**Assigned task:** Print the listing below exactly, images excluded.

**Supplied material:**
·····

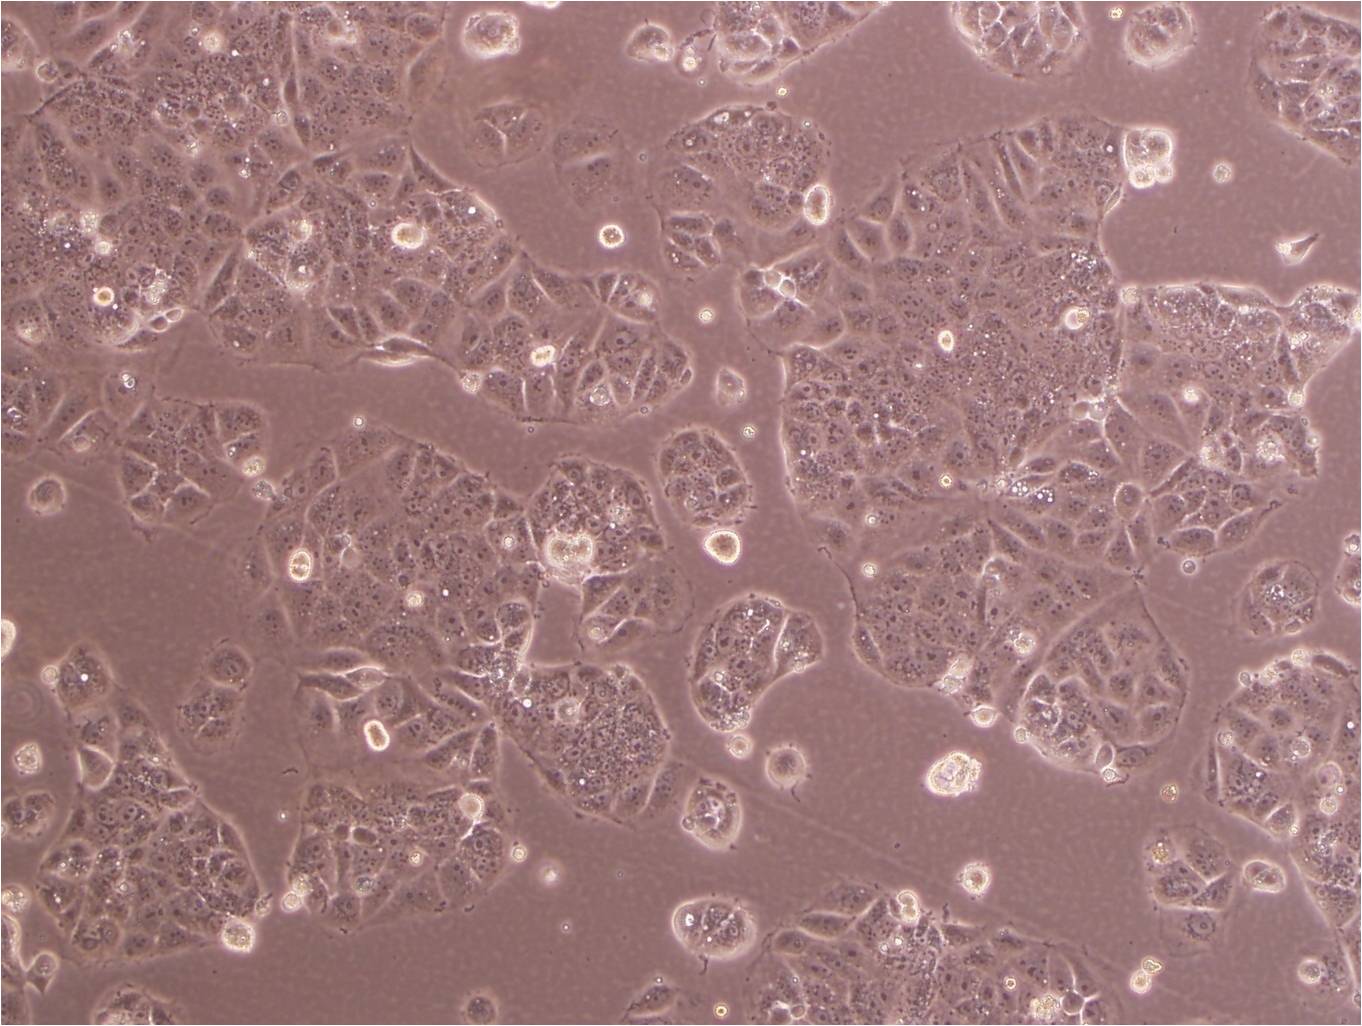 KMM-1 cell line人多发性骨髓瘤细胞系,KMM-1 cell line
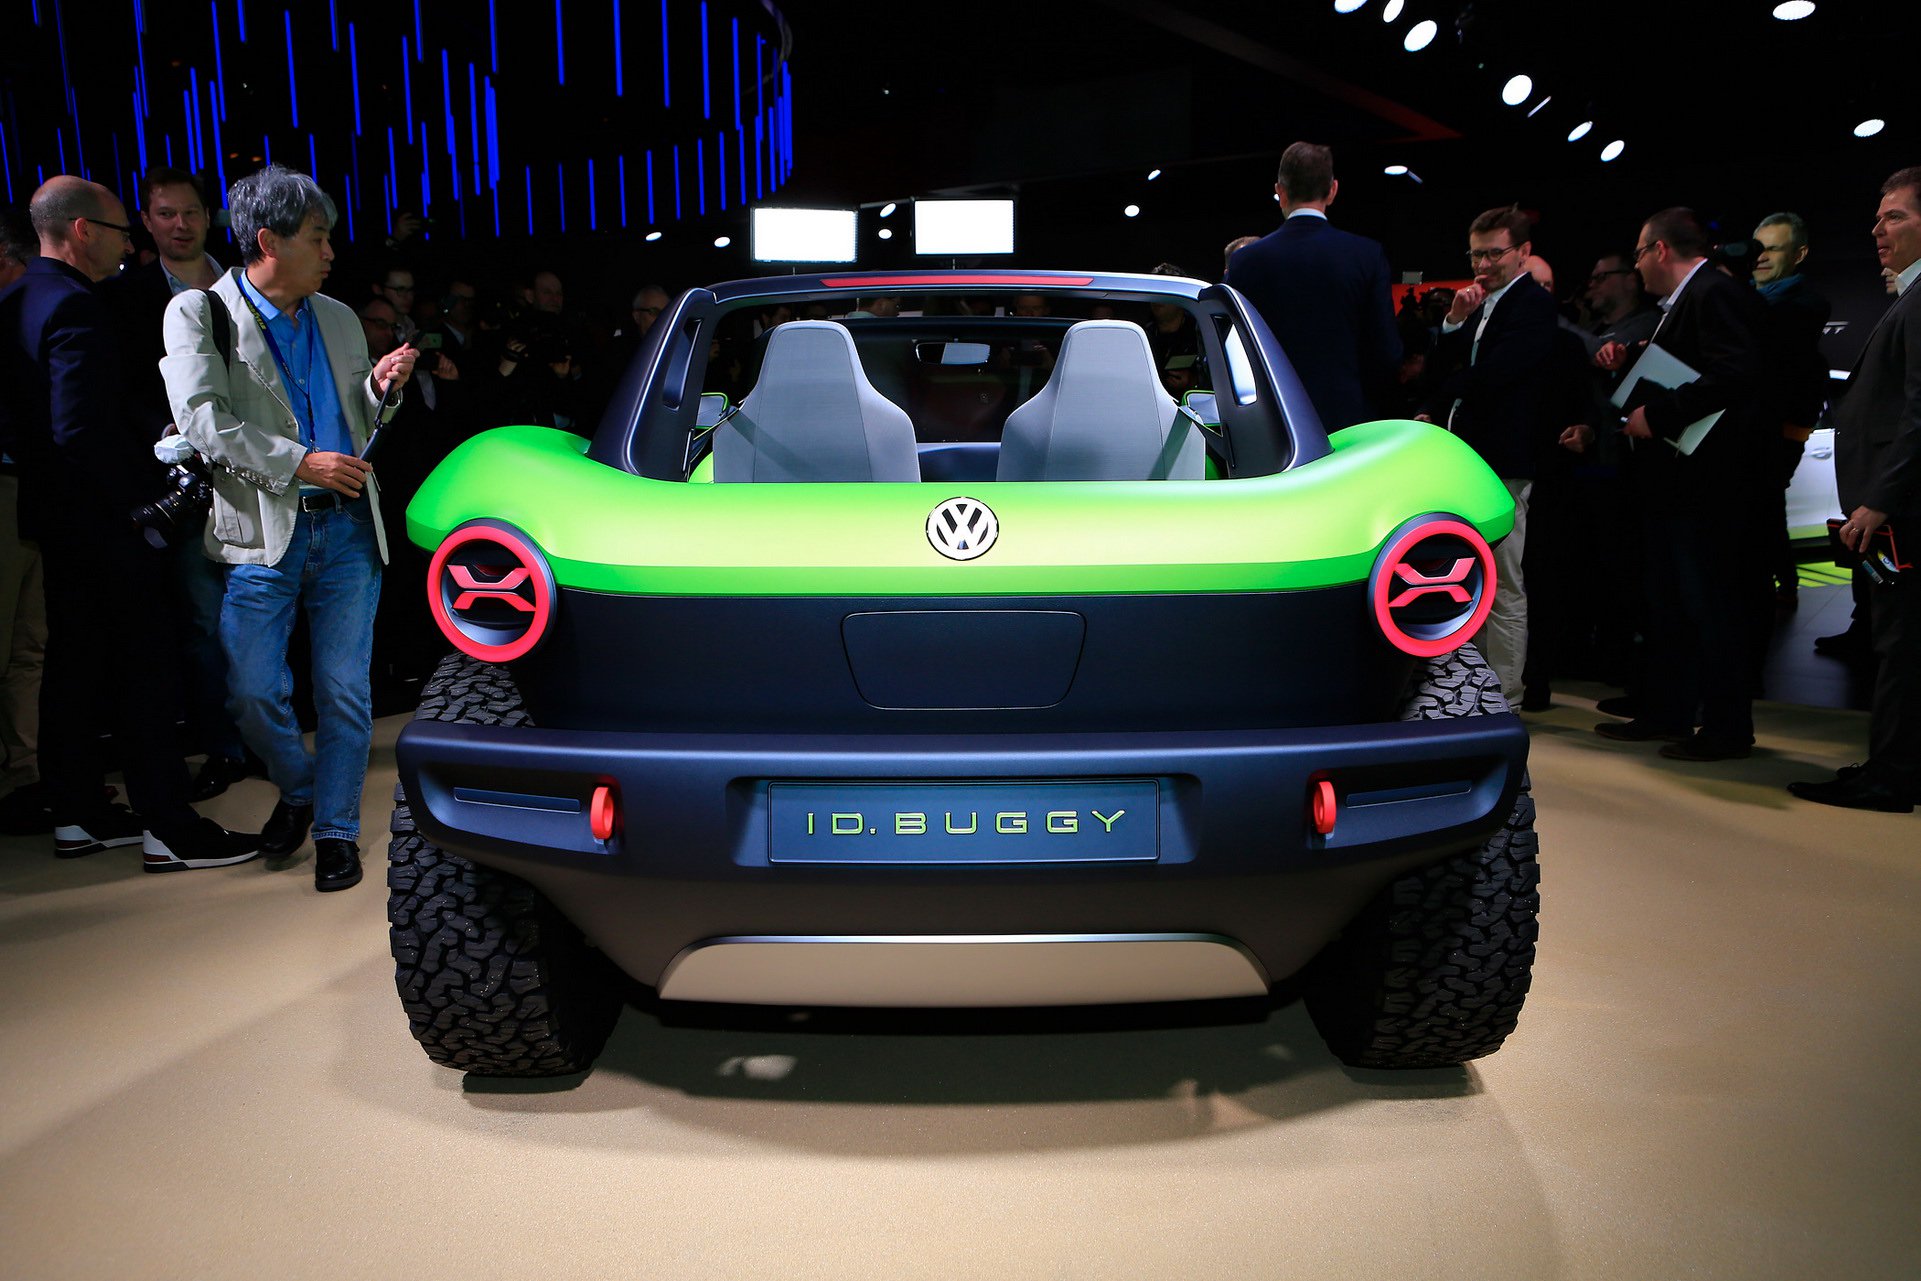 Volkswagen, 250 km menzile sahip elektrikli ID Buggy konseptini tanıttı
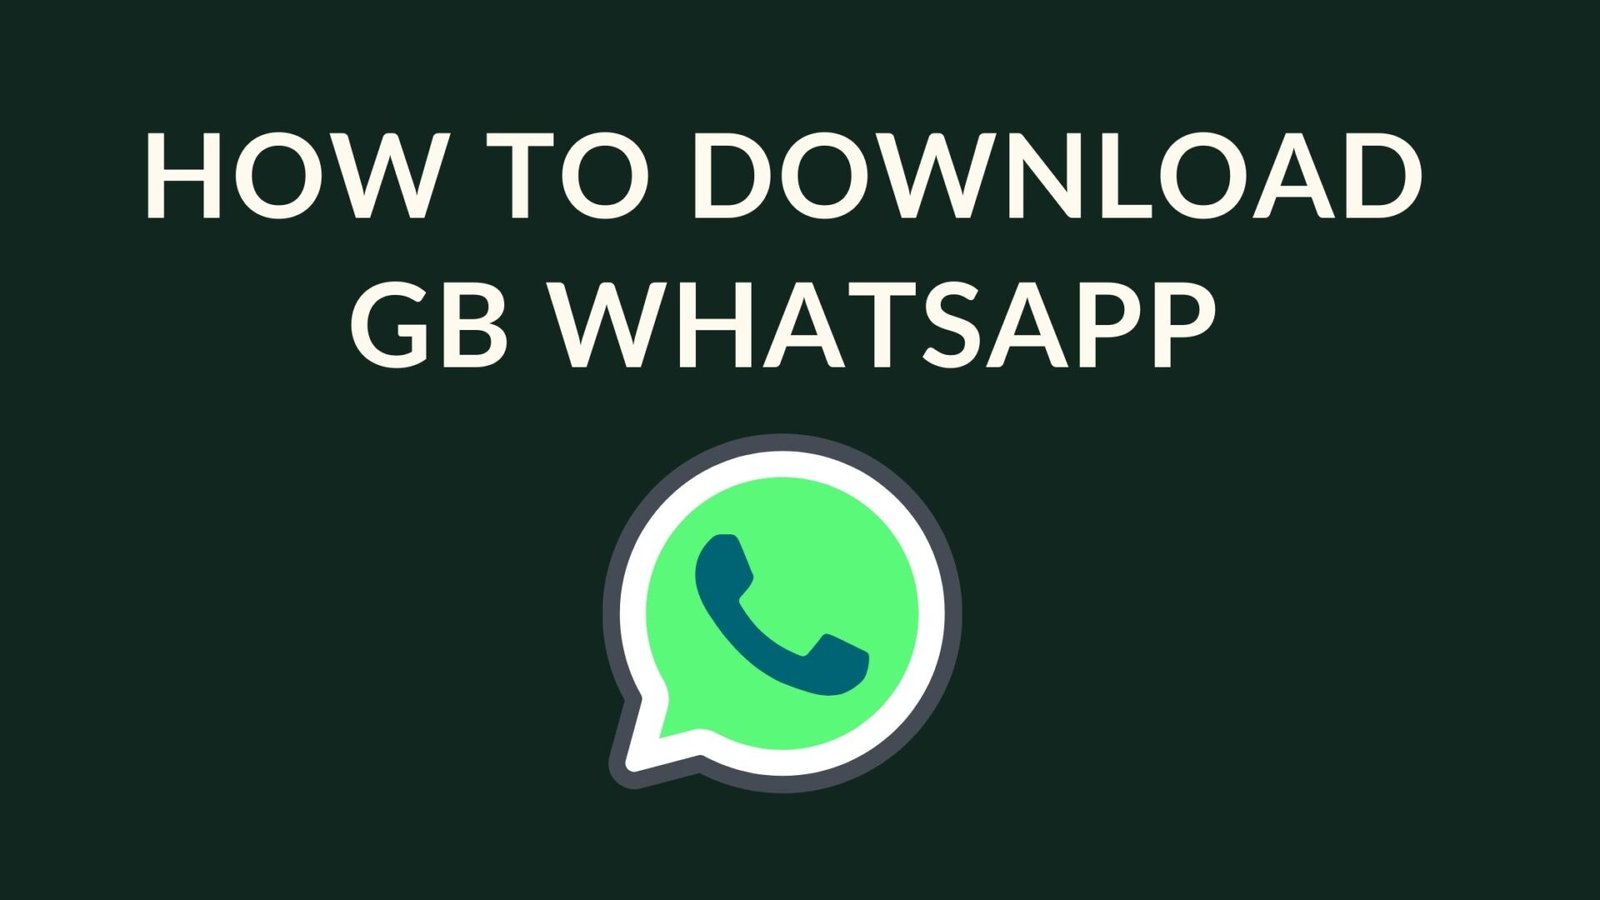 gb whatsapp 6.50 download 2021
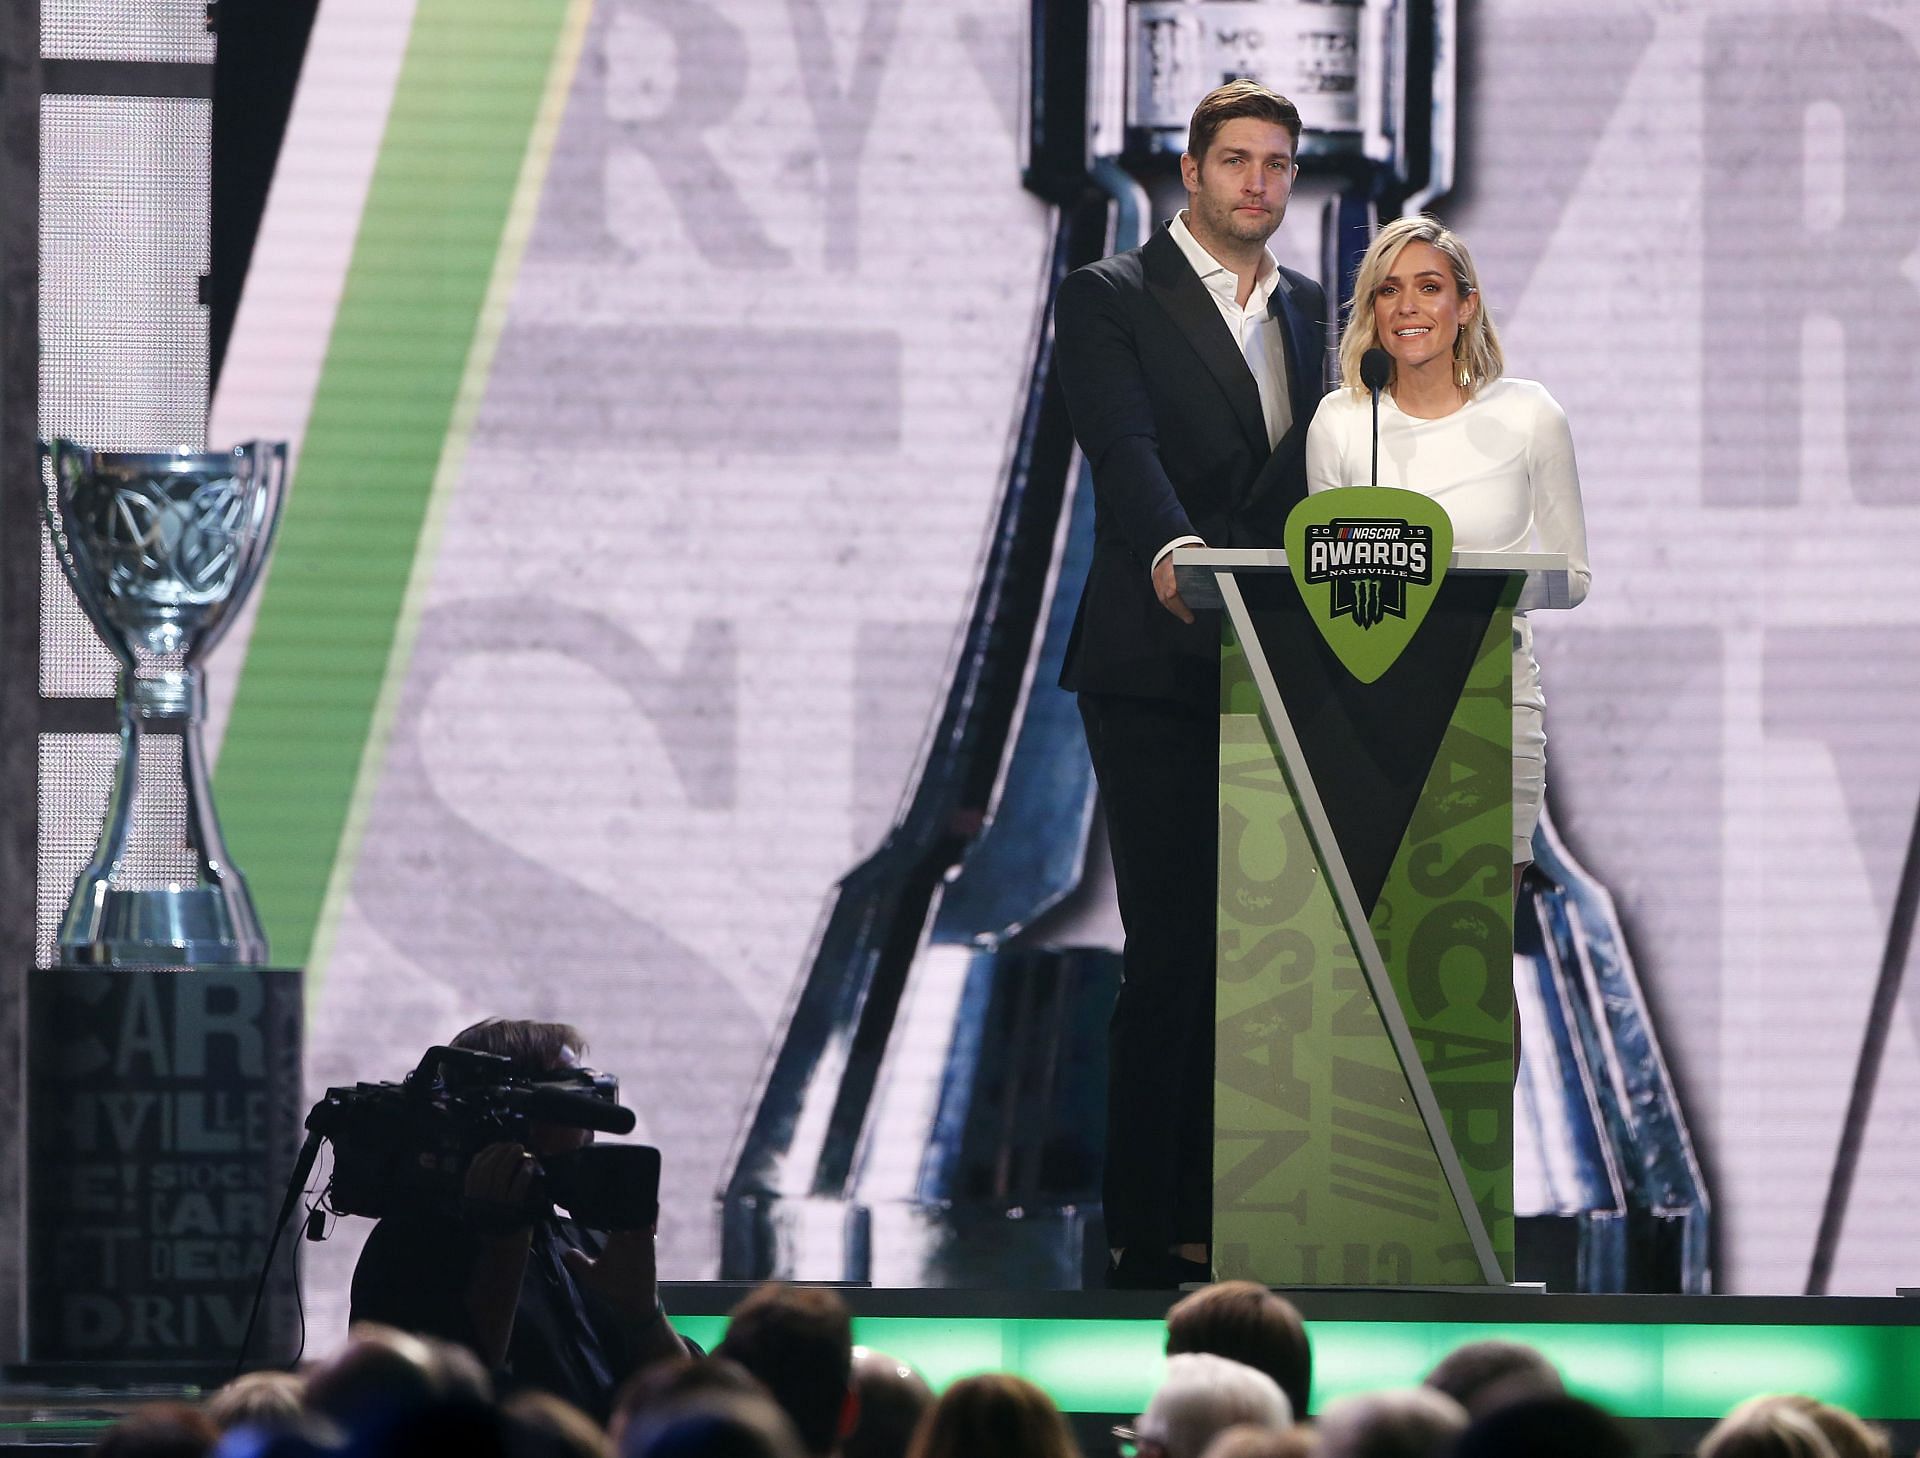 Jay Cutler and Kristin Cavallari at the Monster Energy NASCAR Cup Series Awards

·····

**Output for this task:**
 KMM-1 cell line人多发性骨髓瘤细胞系,KMM-1 cell line
 Volkswagen, 250 km menzile sahip elektrikli ID Buggy konseptini tanıttı
 gb whatsapp 6.50 download 2021
 Jay Cutler and Kristin Cavallari at the Monster Energy NASCAR Cup Series Awards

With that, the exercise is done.